Yeah, and we have all these songs, and all of them will be used in these editions. Right now I don’t even know where they will be used… I have it written down somewhere! [laughs] They do so many things; vinyls in different colors, and all that. I kind of like it.

MB: You don’t think it’s too much sometimes? Too many versions of the same album?
Well, you don’t have to buy it. It’s stuff for collectors, or for people who really want to have something different. If you wanna have a collector’s item you’re free to get it.

Photo by Martin Häusler

MB: Considering that every member of Helloween is a very good musician, is that why you need to resort to someone like your producer to select the tracks, because they’re all kind of just as good as each other?
It’s good to have that kind of people around you, and who tell you what they feel when they hear the music. If they have an idea as to how to work with it and how to promote it, then it’s even better. It’s a luxury problem; having too many songs! [laughs]

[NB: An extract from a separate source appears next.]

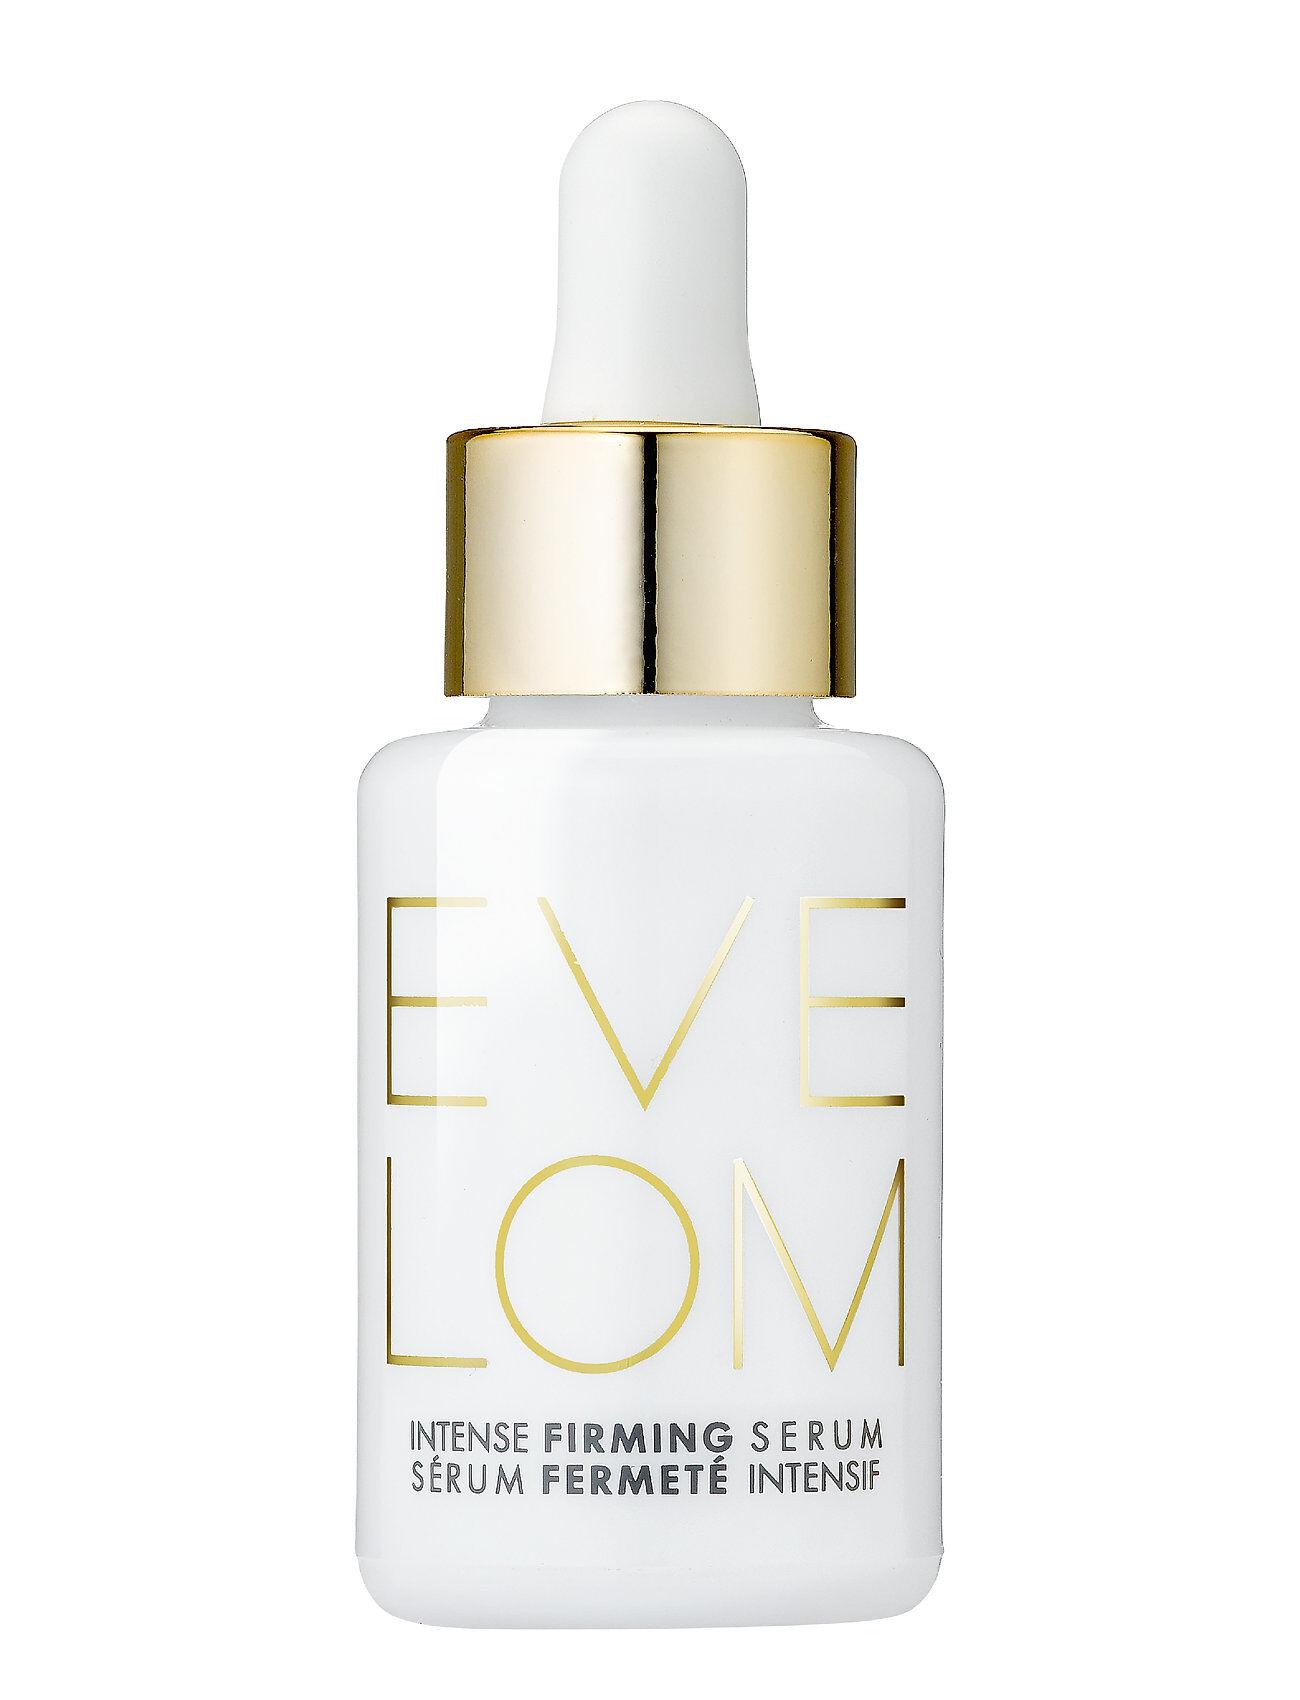 EVE LOM Intense Firming Serum

MB: Changing shifts a bit, I thought that it was very interesting when, with your side project Bassinvaders, you released Hellbassbeaters in 2008. I was sad to see that the band didn’t release anything else after that; do you think that you’ll do more?
I still have an idea to do it, but it’s very time-intensive. It took more than a year to make Hellbassbeaters, with all the guest players and all that. It was challenging for me, and I learned a lot, since I did it all myself. It was very hard work, and you can’t do it just after a Helloween record, when you start touring. You need to have a lot of time off to do something like this.

MB: It’s good to know that at least the plan exists.
It isn’t a final plan; I’ve thought about doing something different, but I’ll see. The next years are going to be busy with Helloween.

MB: Another luxury problem!
Yes, you have to decide what you’ll do first; but Helloween is always first. There are plans in my mind to do things; I have songs, ideas, etc. We’ll see.

MB: There is definitely interest among musicians to hear this sort of bass-driven music. You have a lot of virtuoso guitar players doing albums, but you hardly ever hear someone just focusing on the bass.
[laughs] Yes, that was the idea: writing normal rocks and metal songs, getting a bunch of cool people together, and then trying to do it.  It’s not even written for the bass guitar; it’s a more song-oriented kind of bass. That’s how I wanted to do it.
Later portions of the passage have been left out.